There is a growing body of evidence rejecting the correlation between thiomersal in vaccines and the development of autism in children. Although opposition groups have continued to publicize their claims in spite of this research, many groups continue to work towards addressing these concerns and proving that vaccinations are safe. Government agencies such as the Centers for Disease Control and Prevention (CDC) and the Food and Drug Administration (FDA) are two such groups that aim to inform the public of the truth about the hazards of vaccination and their important benefits. These organizations are one driving force behind the ongoing scientific research attempting to determine whether or not there is a causal link between thiomersal and autism.

Federal AgenciesEdit

Centers for Disease Control

Currently, about 1 in every 50 children has autism, a number which has risen since 1990's. While there are many who believe that this rise can be attributed to the use of thiomersal as a preservative in vaccinations for children, numerous studies prove this to be untrue.[28][29] The CDC is one agency with expertise on the topic of vaccinations and their negative effects, with teams of scientists and researchers conducting studies on the nation’s top health concerns.

The CDC is primarily responsible for analyzing the scientifically proven health effects of thiomersal use in vaccines. With a core value of protecting the health of all Americans, the CDC has run studies and scientific reviews to determine whether there is a causal relationship between thiomersal and autism.[30] One such study, the Immunization Safety Review, concluded that “the body of epidemiological evidence favors the rejection of a causal relationship between the MMR vaccine and autism."[31] Another report issued by the CDC in November 1999 stated that “the demonstrated risks for not vaccinating children far outweigh the theoretical risk for exposure to thimerosal-containing vaccines during the first 6 months of life.”[32]

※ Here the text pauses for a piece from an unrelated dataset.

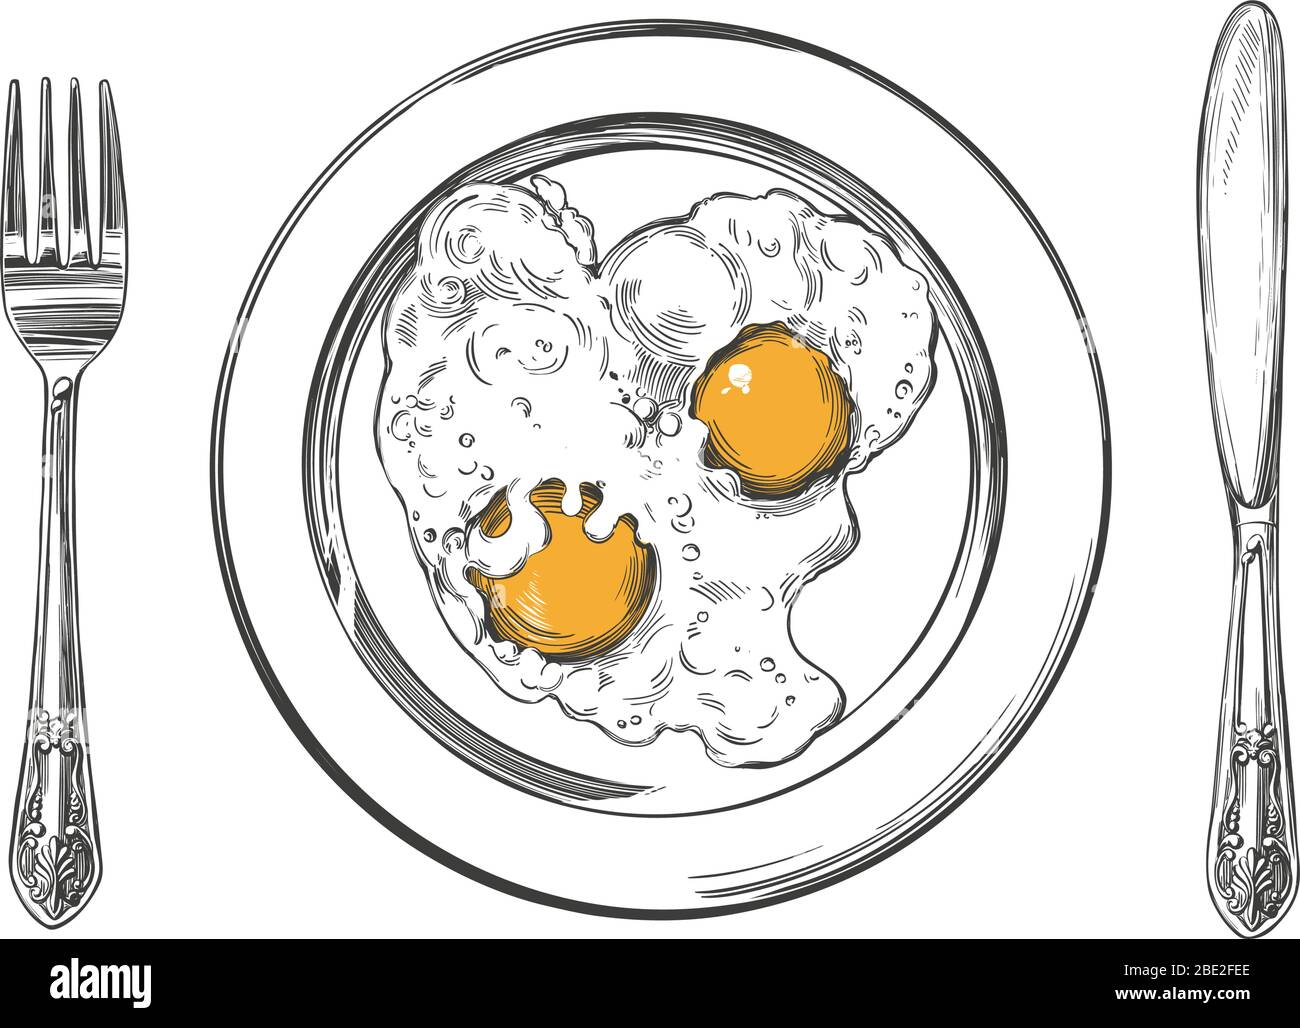 Frühstück, Eier auf einem Teller, Messer und Gabel, handgezeichnete Vektor-Illustration realistische Skizze Stock Vektor

In 1999, the FDA also conducted a review of thiomersal in childhood vaccines, which failed to find any evidence of a correlation with autism. This review was undertaken as part of the FDA Modernization Act (FDAMA) of 1997, which included an analysis of overall childhood exposure to ethylmercury (in thiomersal) in the first six months of life, since to date only methylmercury had been studied. This study found that in some cases, the levels of ethylmercury were higher than the recommended levels for methylmercury put out by the Environmental Protection Agency (EPA). Following this, the CDC and FDA, among other public health agencies, urged for the removal of thiomersal from vaccines while further studies were undertaken. Later studies, however, found no negative health effects from ethylmercury.[33]

National Vaccine Injury Compensation ProgramEdit

The Vaccine Injury Compensation Program (VICP) was created on October 1, 1988 through the National Childhood Vaccine Injury Act of 1986 by the Department of Health and Human Services (HHS) Health Resources and Services Administration. Although VICP also works to regulate the supply and cost of vaccines, the program is mainly recognized as being the no-fault alternative way to give compensation to patients and the families of those injured by vaccines.[34]

The money used for compensating victims under VICP is kept in the Vaccine Injury Compensation Trust Fund and managed by the Department of the Treasury. A $0.75 excise tax on each dose of routine vaccines recommended by the CDC maintains this fund. When a claim is filed, the U.S. Court of Federal Claims decides if the family has enough evidence to receive compensation. Throughout the claims review process, the Department of Justice and HHS are also involved.[35]

VICP is a critical component of the thiomersal and austism debate because all claims arguing that thiomersal caused injury or death must be made with VICP before civil litigation. Approximately 5,000 families have filed claims of vaccine-induced autism, even though there is no scientific evidence of this relationship. VICP has never ruled in favor of a claim that argues the autism-vaccine link.[36]